August 07, 2012
Worries On Genetic Doping For Athletic Enhancement

What's wrong with gene therapy to boost athletic performance? Yet another worry article about what could be a very positive development.

Officially, UK Anti-Doping, the body which oversees the control of performance enhancing drugs in Britain, says genetic manipulation as a form of performance enhancement "is currently a theoretical rather than a proven issue".

But Andy Parkinson, UKAD's chief executive said: "I wouldn't be surprised if someone out there is trying to do it, and I think that's very worrying."

My worry is that gene therapy is such a hard problem (e.g. cancer risks, difficulties in delivering genes to enough cells, difficulties in delivering genes to only the desired types of cells, etc) that gene therapy won't make much difference to athletic performance any time soon. But as I've recently argued a gene therapy arms race to enable genetically less well endowed athletes to compete with the genetically fittest athletes would generate many medically useful spin-offs. If organizers of athletic events allowed biotechnological enhancements for athletic performance the rest of us would benefit from a faster rate of progress in the development of medical treatments for many diseases of old age.

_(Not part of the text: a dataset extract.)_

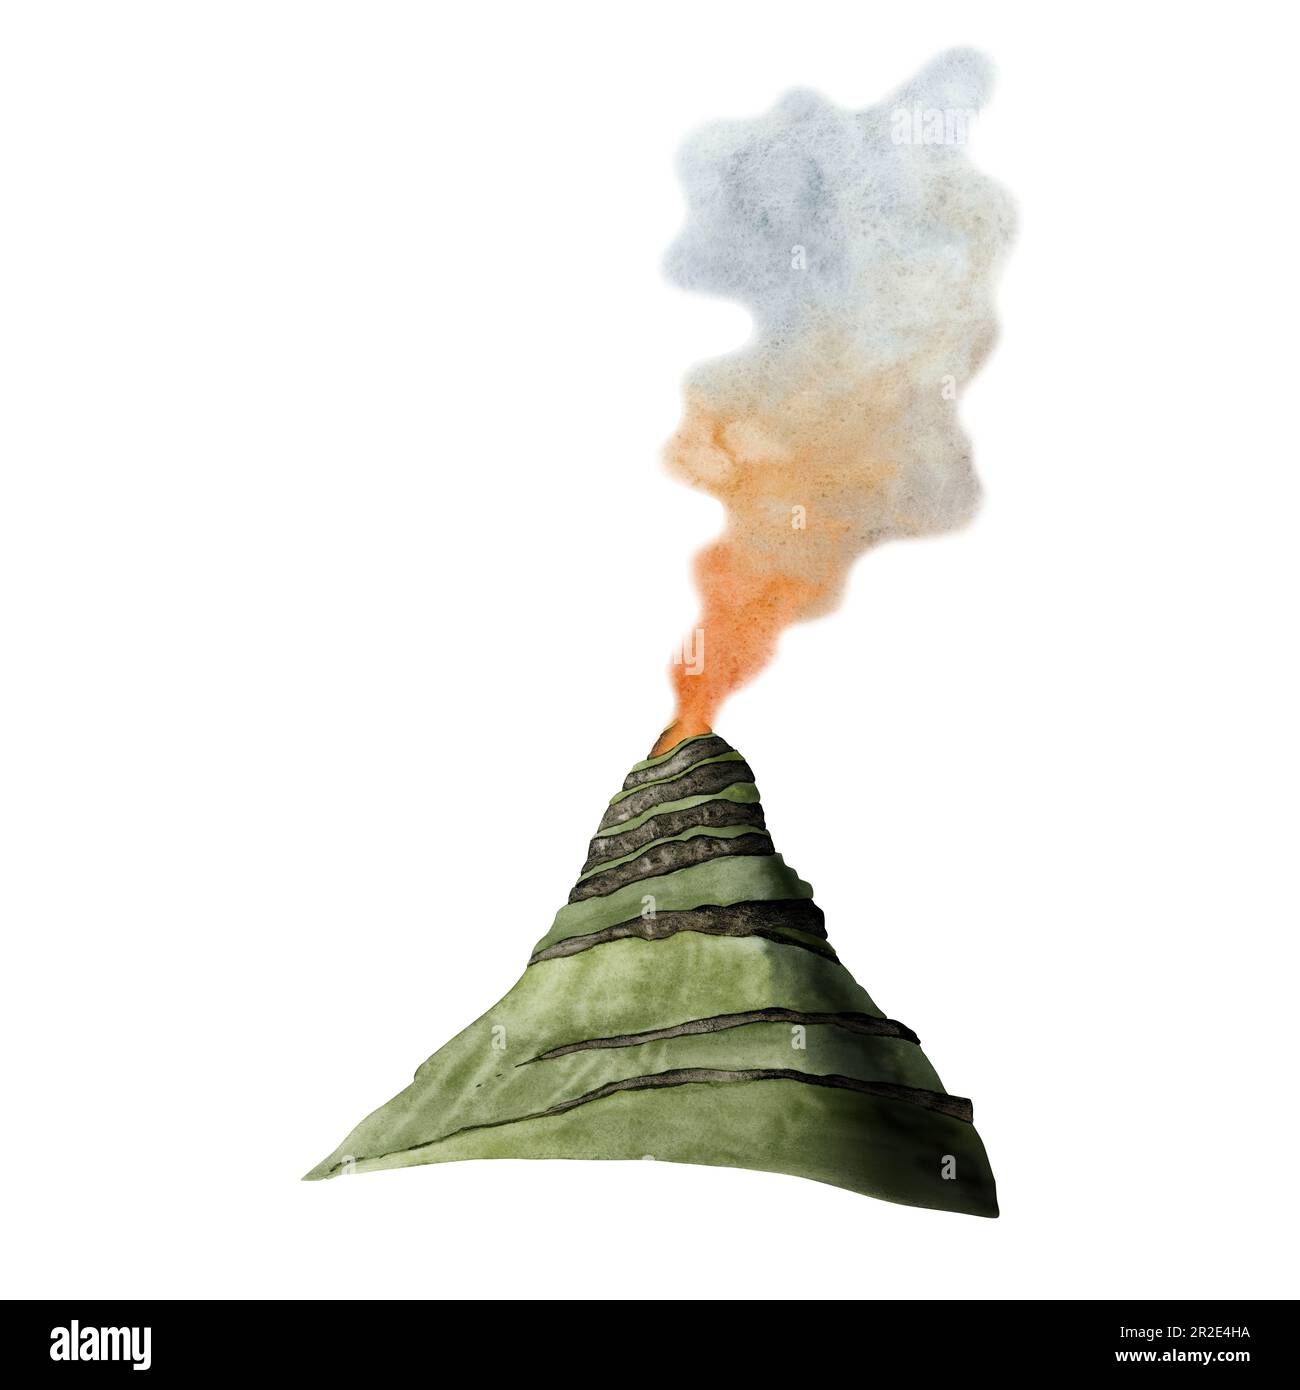 Active volcano with smoke from dinosaurs era, green mountain Illustration isolated on white background in orange, blue and brown colors Stock Photo

So why the opposition to all manner of athletic doping, including gene therapy? I think some of the opposition stems from a desire to believe that athletes win by a more determined and sustained exercise of willpower. We want to see people succeed by doing large amounts of hard work aimed at a lofty goal. But I think this desire is based on wishful thinking. The outcome of Olympic sporting competitions hinge greatly on relative athlete genetic fitness. Those lucky few who have a low burden of harmful mutations have big advantages. Those who have still other genetic variants that make them fast distance runners (or other genetic variants that make them fast sprinters) will win the races.

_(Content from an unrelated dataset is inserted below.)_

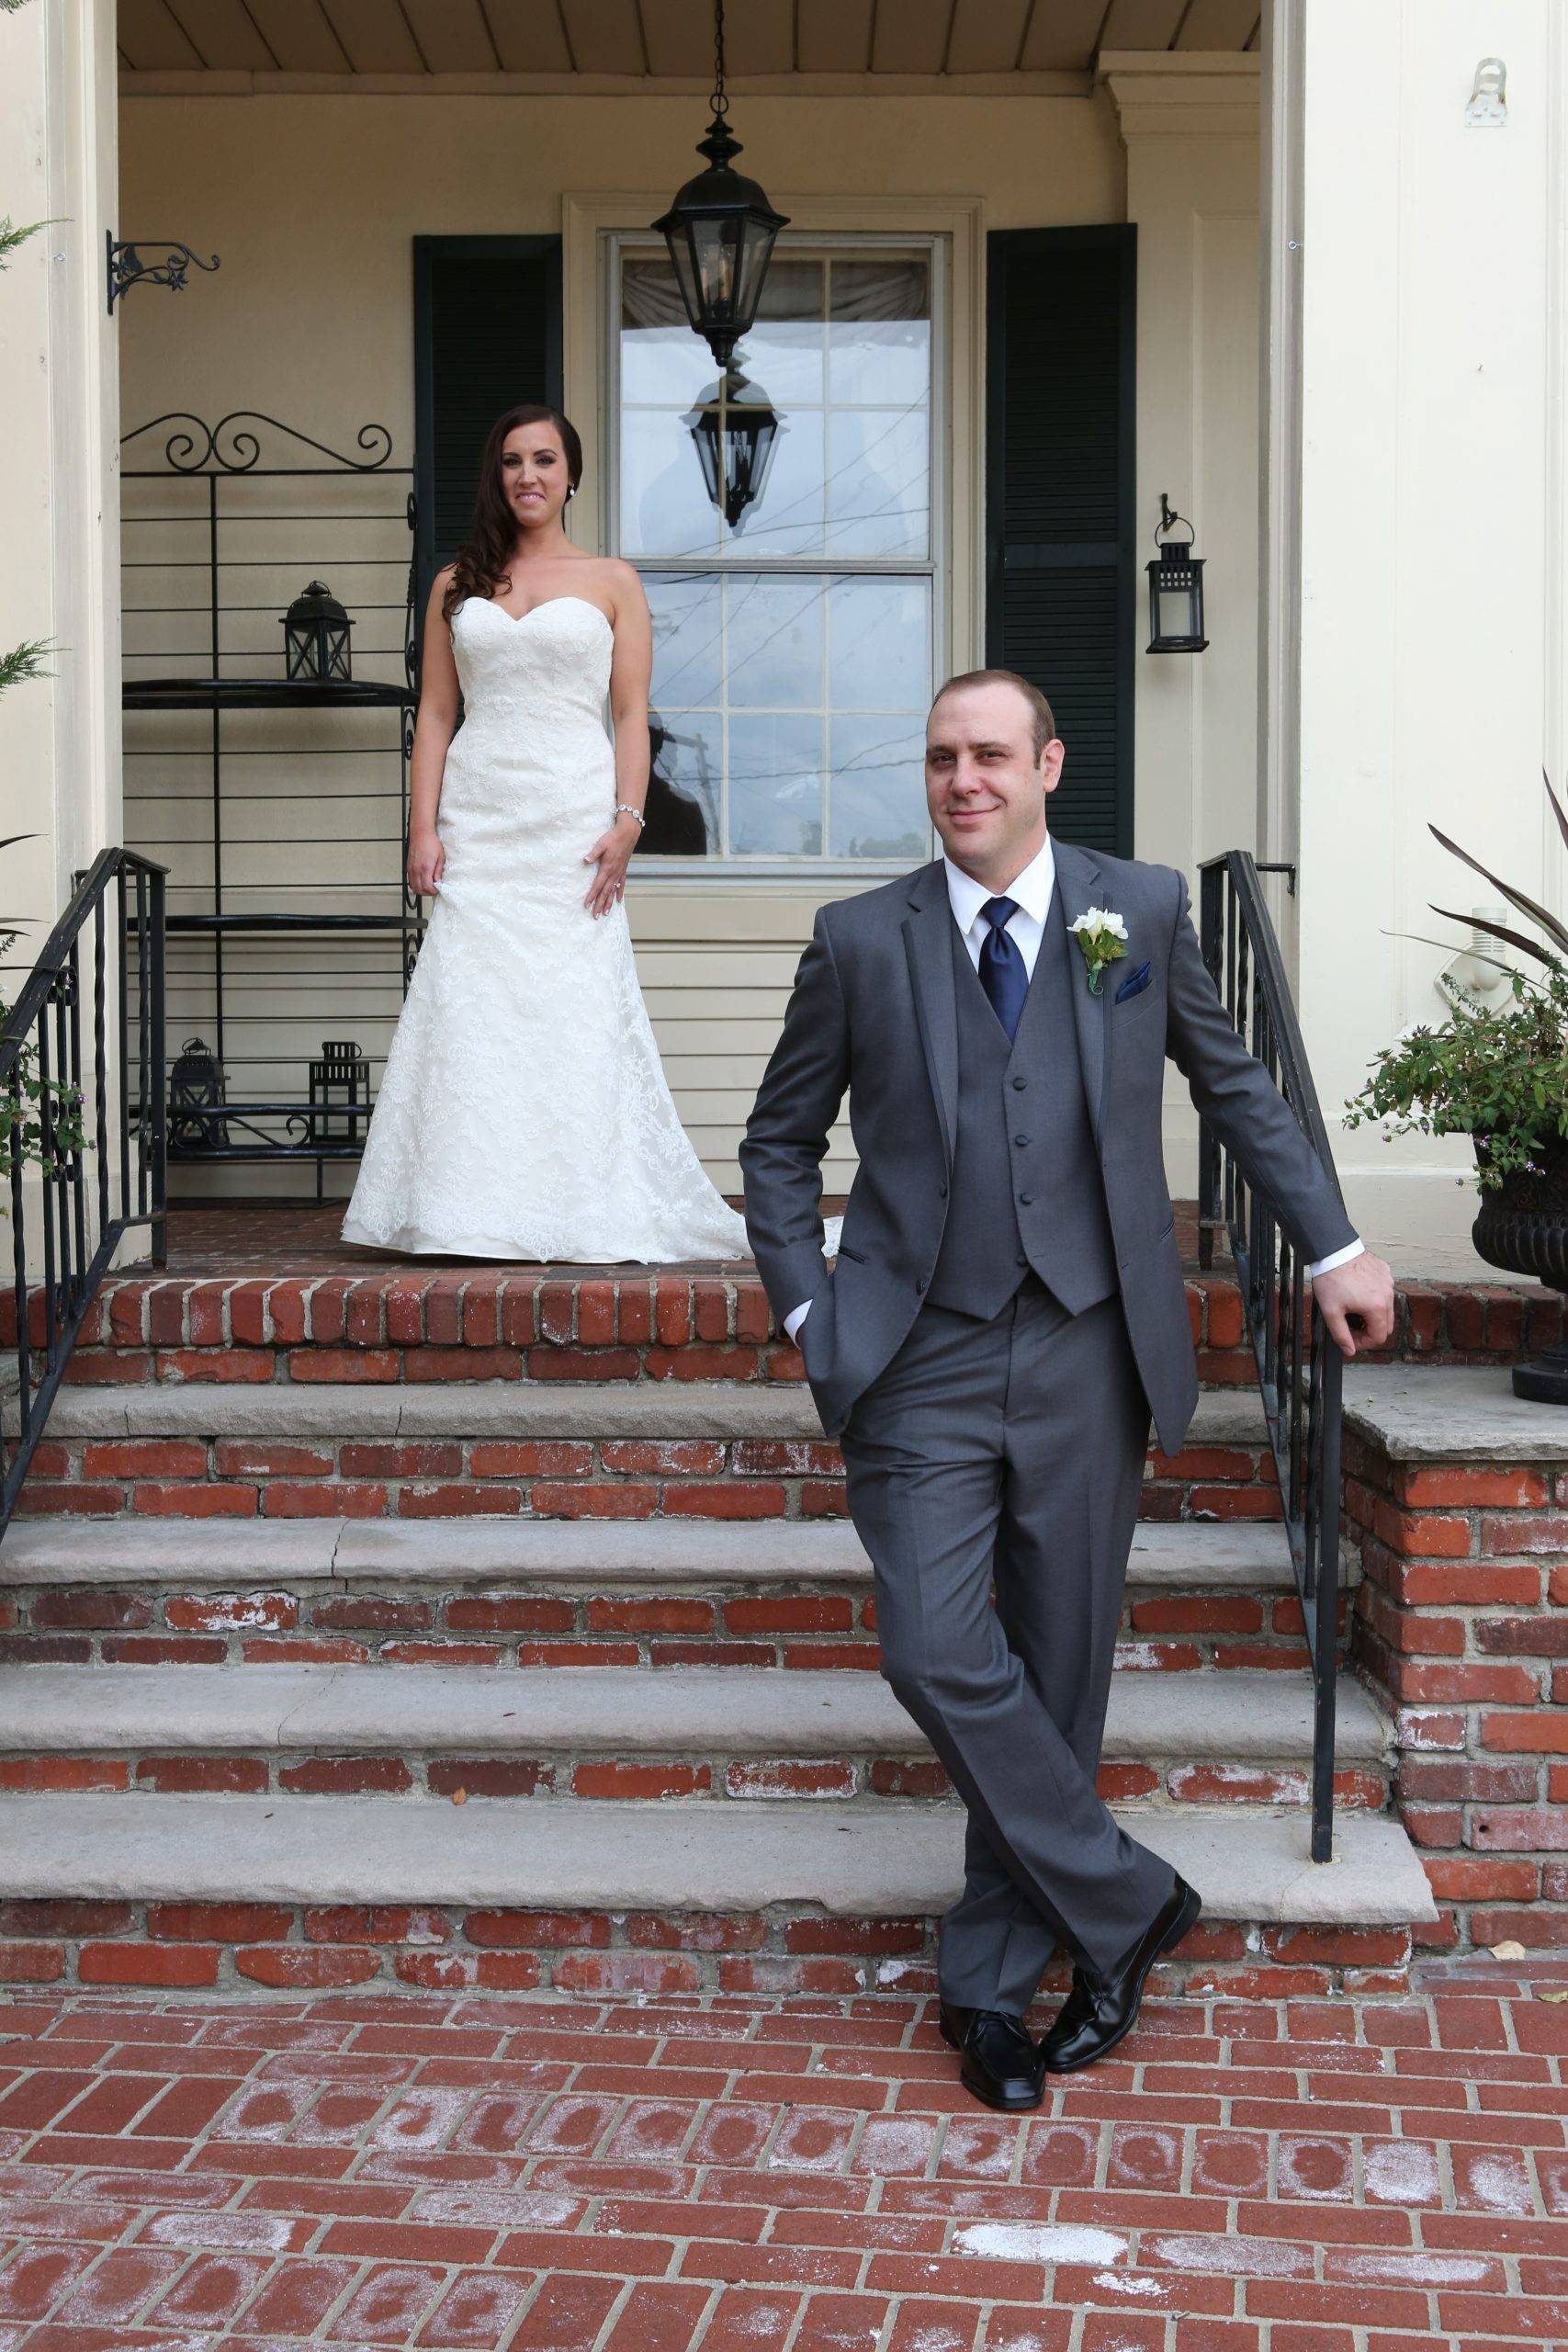 David’s Country Inn bride and groom on front porch steps

None of this is meant to say that individual effort does not matter. Of course the drive and effort of the athlete plays a role. But individual effort in elite sporting events only matters among those genetically most well endowed. If athletes could use gene therapies to boost their athletic performance then the effect might be to close the gap between the genetically most and least well endowed. Then with genetic differences lessened we'd get mores sporting contests whose outcome would be decided individual efforts and judgments of peers.

Share |      Randall Parker, 2012 August 07 10:21 PM  Biotech Athletics


Comments
Nick G said at August 8, 2012 7:32 AM:

There is a good argument for not allowing medical experimentation on athletes, though I'm not sure it's the argument of the sports establishment. It's fairly similar to the argument for preventing medical scams.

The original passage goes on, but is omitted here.